Normally you should use stable CI-built wheels, available on Releases page. In case you need a development wheel for testing, you can always build one yourself:

```bash
poetry build -f wheel
```

You can find the built wheel in *dist* directory. *Note:* wheel file name contains package metadata, so do not rename the file, otherwise you might not be able to install it!

### Releases

**GDBT** follows [semantic versioning](https://semver.org) guidelines. Version numbers don't include *v* prefix *unless* it is a tag name (i.e., tags look like `v1.2.3`, everything else — `1.2.3`).

All changes are kept track of in the changelog, which can be found in *CHANGELOG.md* file. This file follows *[keep-a-changelog](https://keepachangelog.com/en/1.0.0/)* format. Please make yourself familiar with it before contributing.

Generally, you should test your changes before creating a release. After that, create a *release candidate* pre-release, using the instruction below. Version number should be `1.2.3-rc.1` — an upcoming release version number with RC suffix.

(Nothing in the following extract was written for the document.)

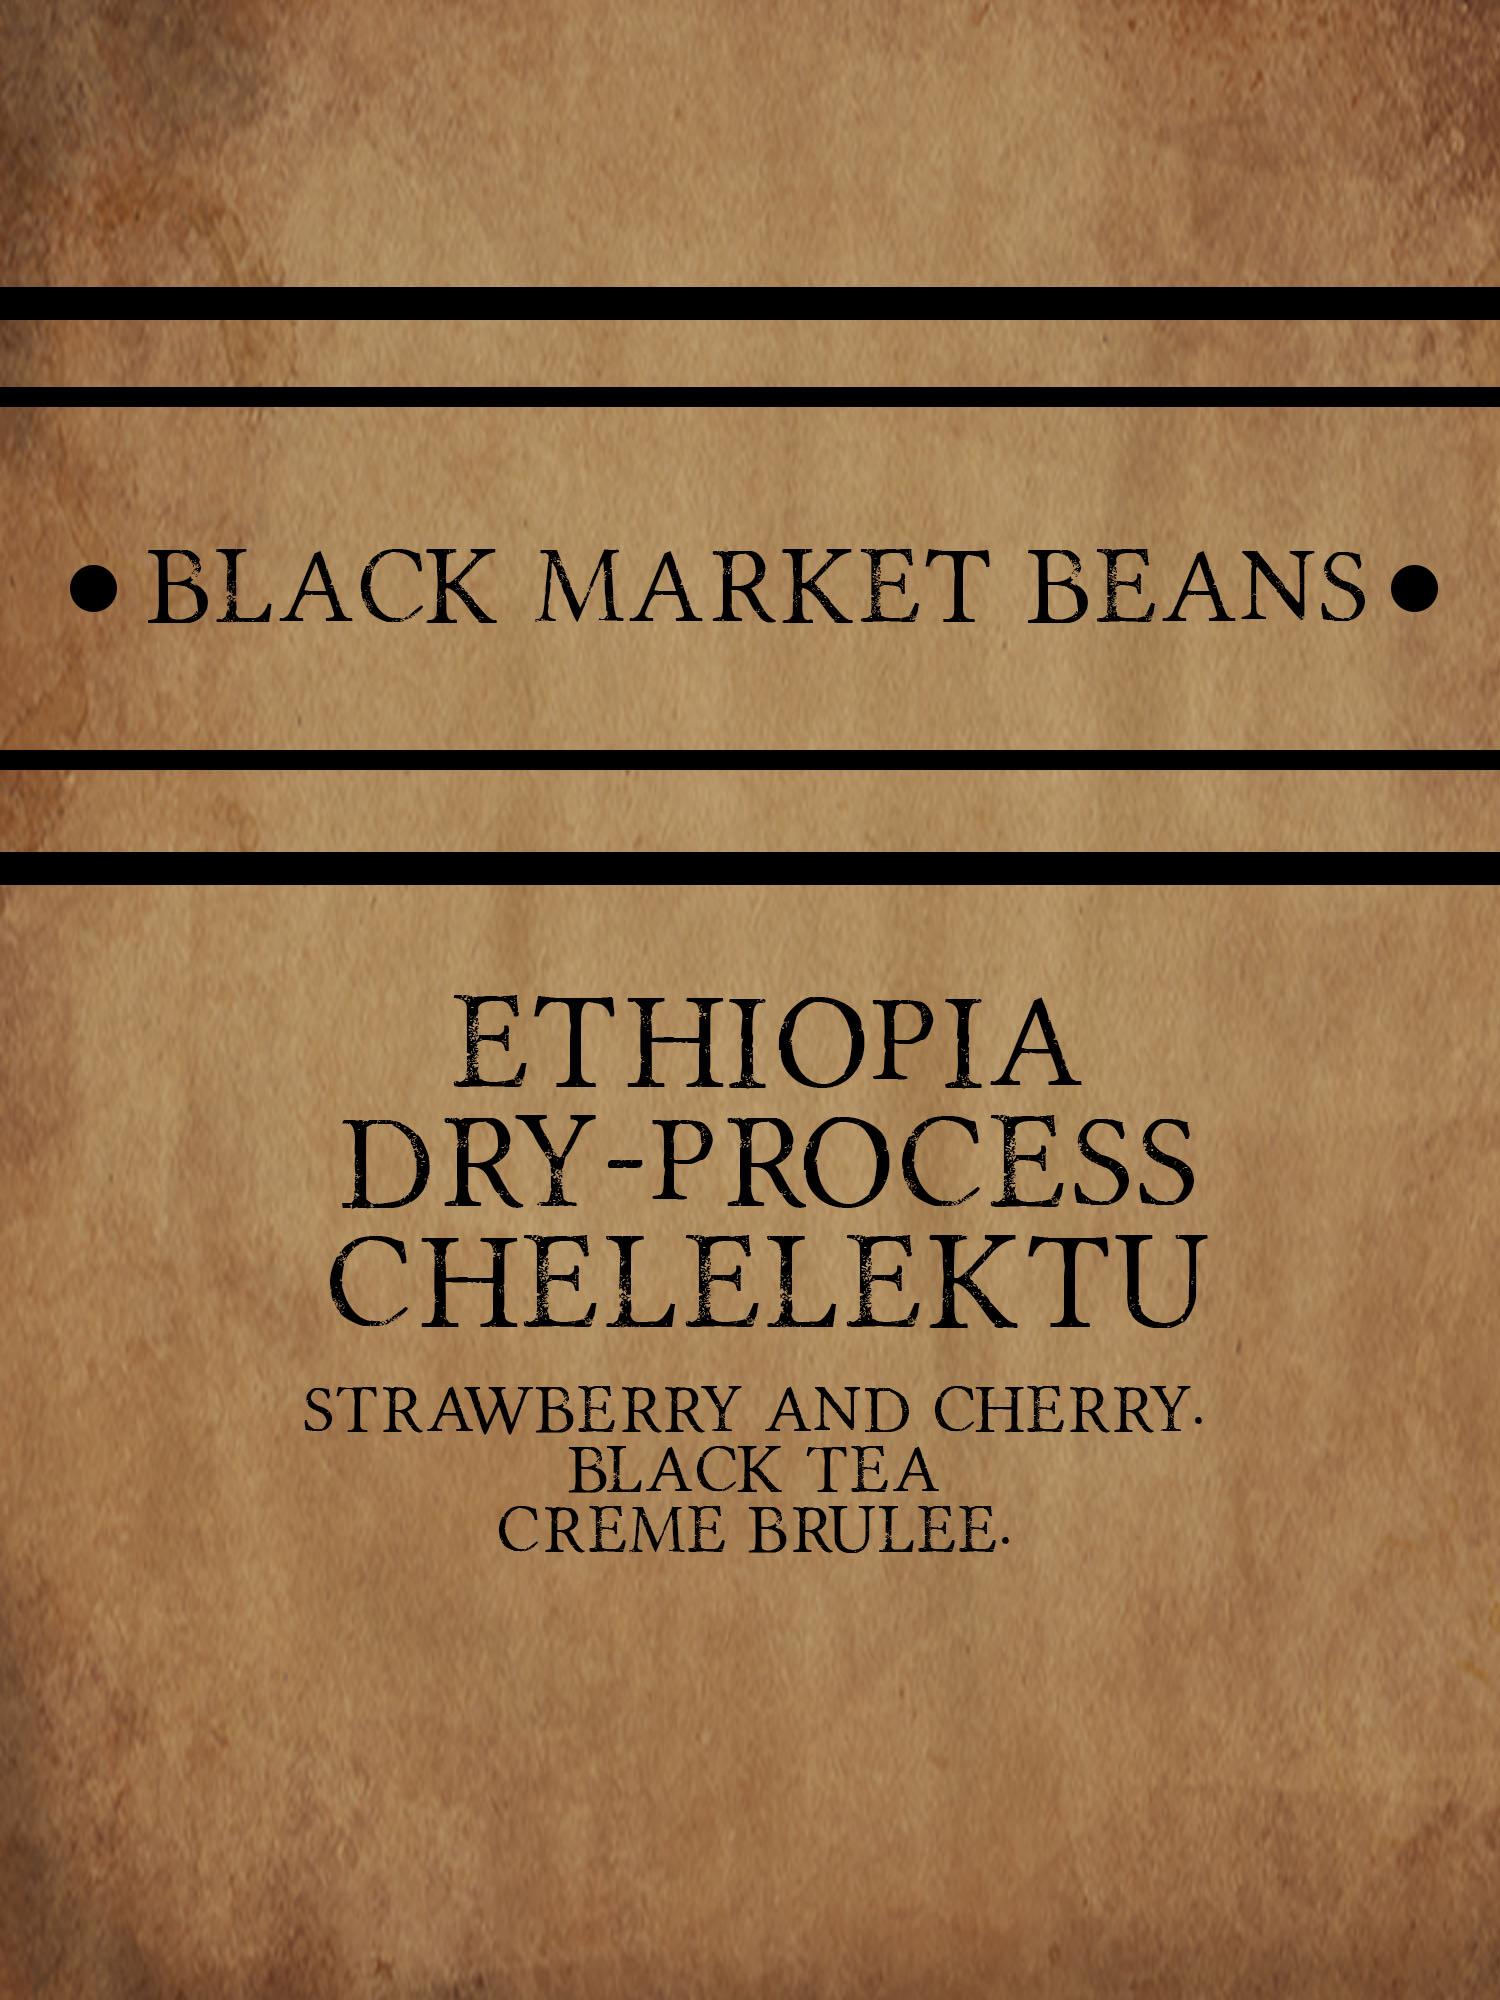 coffee_Ethiopia_Chelelektu_dry_process.jpg
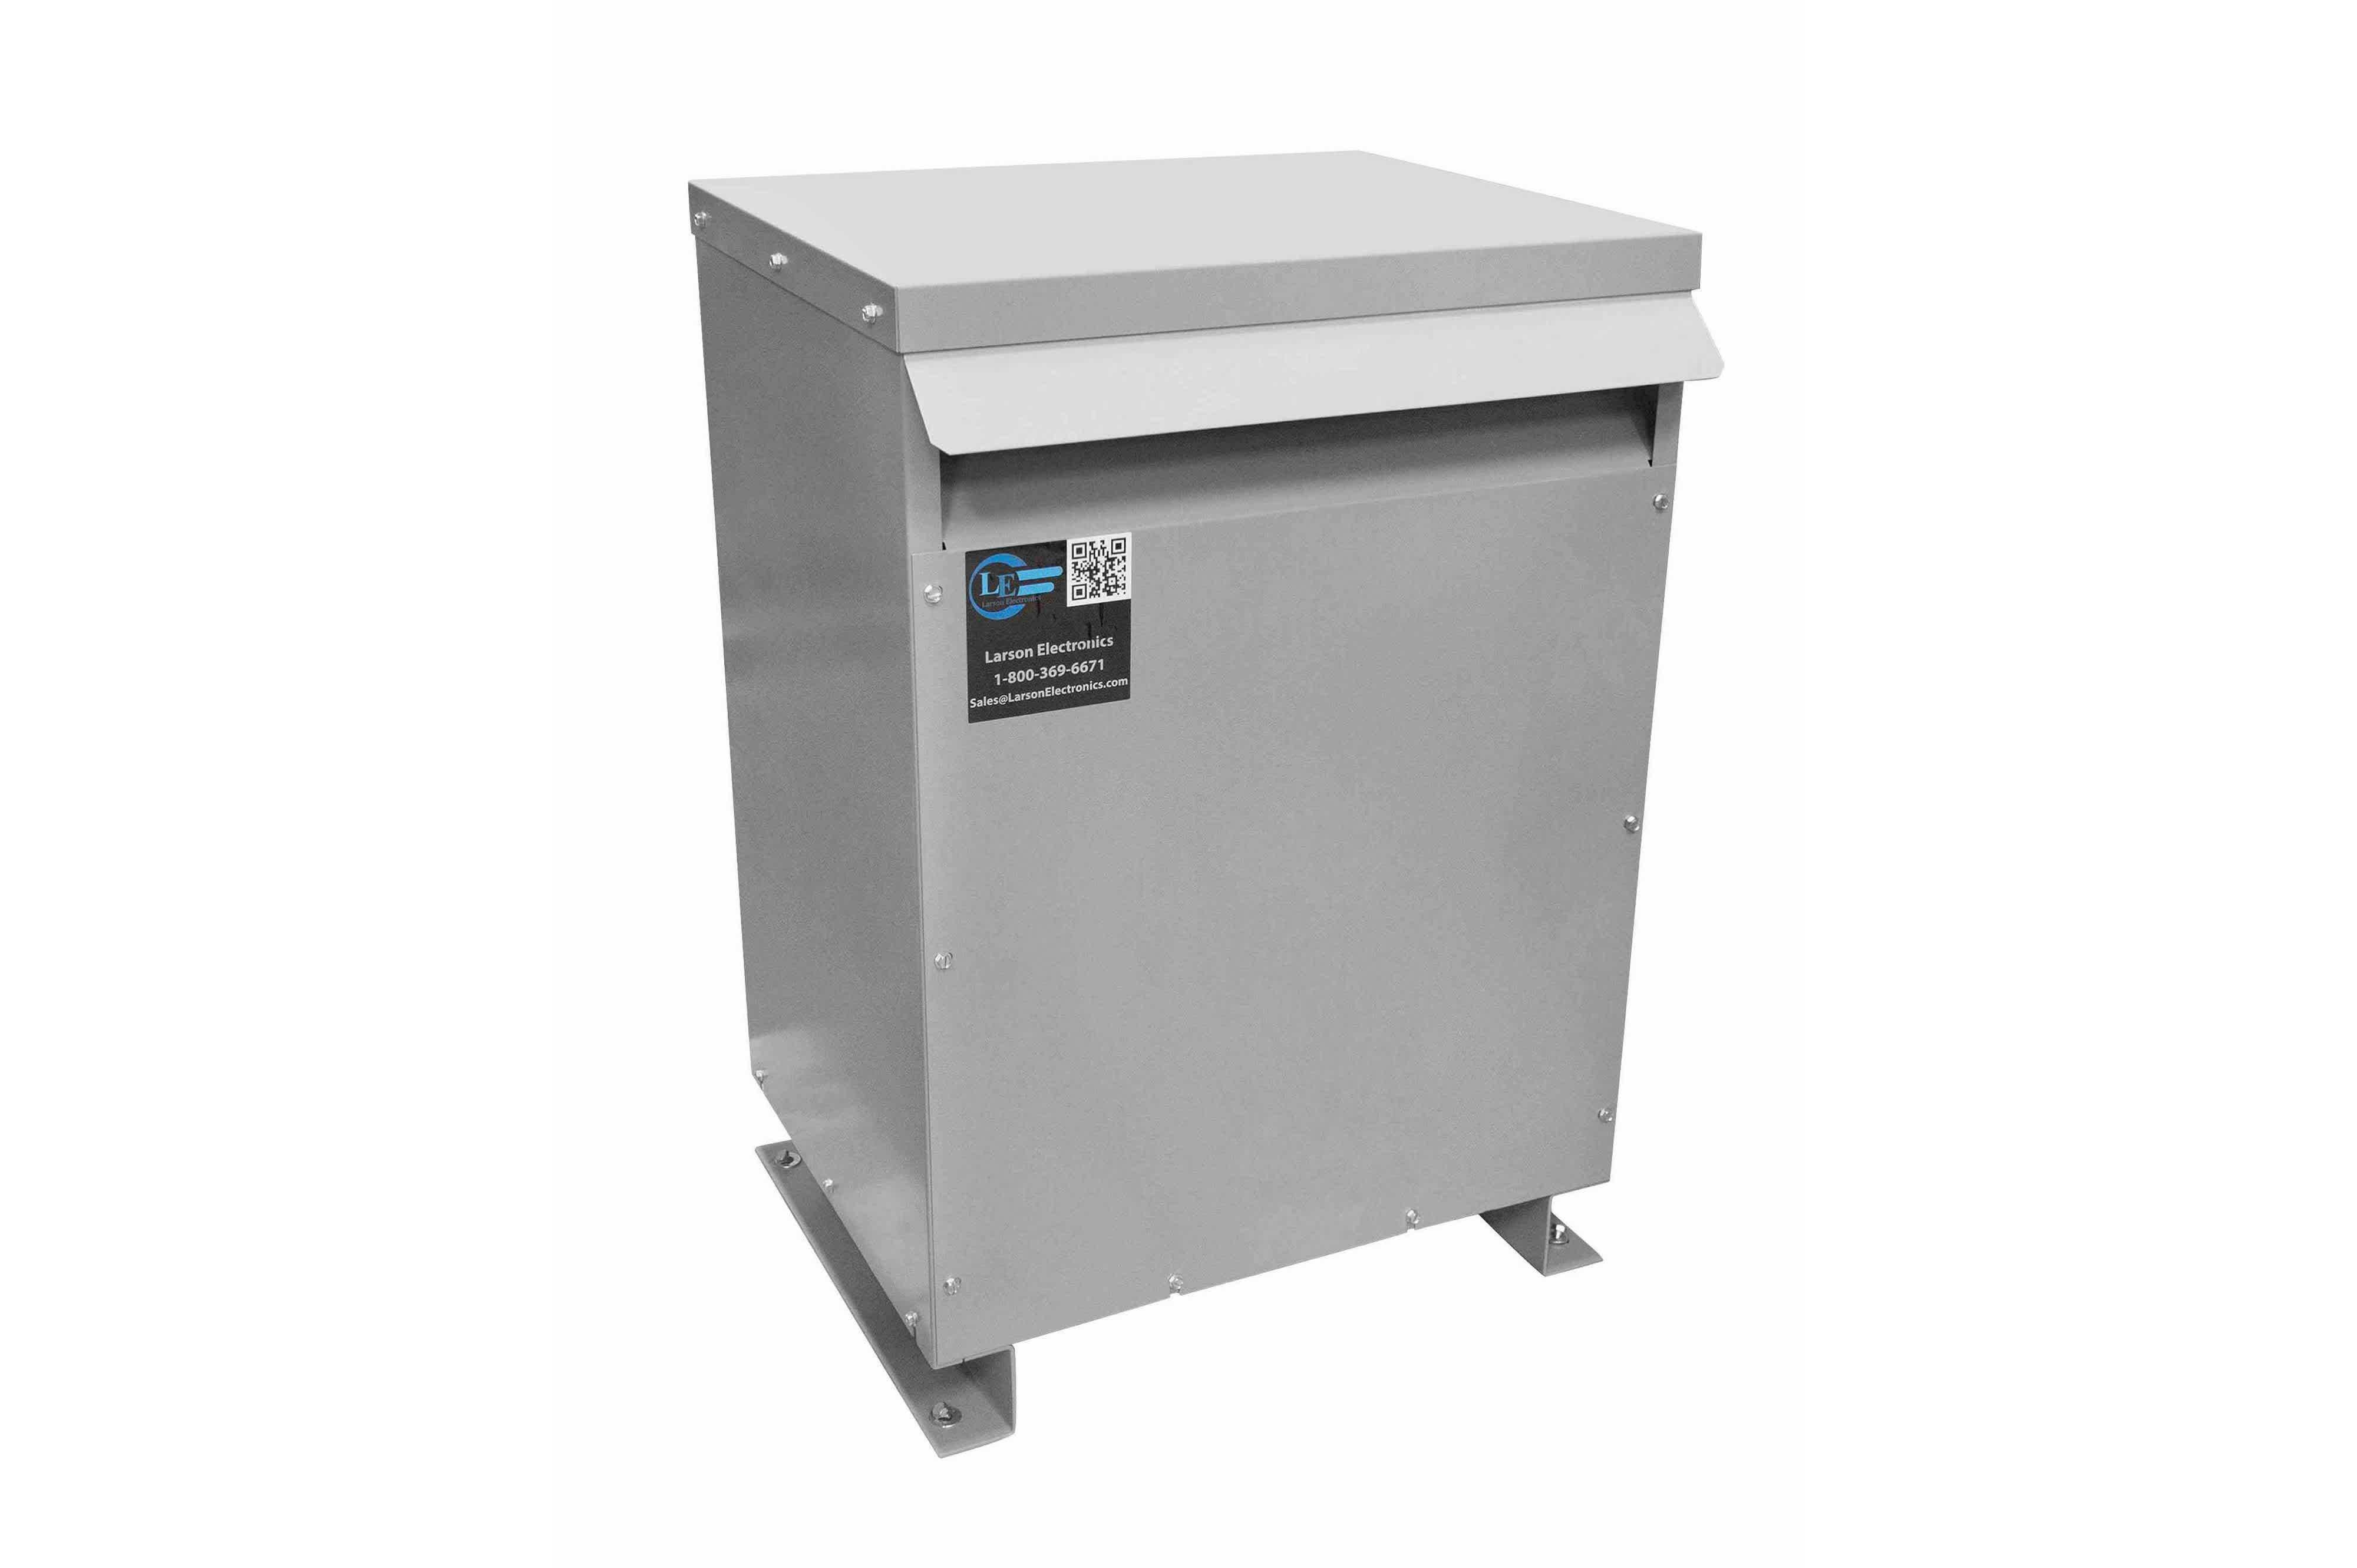 37.5 kVA 3PH Isolation Transformer, 380V Wye Primary, 240V/120 Delta Secondary, N3R, Ventilated, 60 Hz

After extensively testing the release candidate, you can proceed to creating a release.

#### Release process

0. Checkout *main* branch.
1. Run `poetry version minor` (or `major` or `patch`, depending on severity of changes in the release). This will bump project version in `pyproject.toml`.
2. Change `[Unreleased]` H2 header in *CHANGELOG.md* to the new release version (e.g., `[1.2.3]`).
3. Add current date in ISO format (`YYYY-DD-MM`) after the header (e.g., `[1.2.3] - 2011-12-13`).
4. Add new `[Unreleased]` H2 header above all version headers.
5. Add compare link at the bottom of *CHANGELOG.md* as follows:
`[1.2.3]: https://github.com/zerodayyy/gdbt/compare/v1.2.2...v1.2.3` right below `[unreleased]` link (replace `1.2.3` with the new release version, `1.2.2` with the previous release version).
6. Change version in `[unreleased]` link at the bottom of *CHANGELOG.md* to the new release version (e.g., `[unreleased]: https://github.com/zerodayyy/gdbt/compare/v1.2.3...HEAD`).
7. Commit the changes to *main* branch. Commit message should be `Release v1.2.3`.
8. Create a release tag: `git tag v1.2.3`. This should be a *lightweight* tag, not an annotated one.
9. Push the changes and tag to GitHub: `git push && git push --tags`.

If you find the above instructions unclear, take a look at previous releases or contact project maintainers.

### CI/CD

This repo uses GitHub Actions as CI/CD tool. Pipeline config can be found in *.github/workflows/ci-release.yaml* file.

As of now, the only pipeline is *Release*: it builds the wheel and creates a release in GitHub. It is triggered on tags that start with *v* prefix.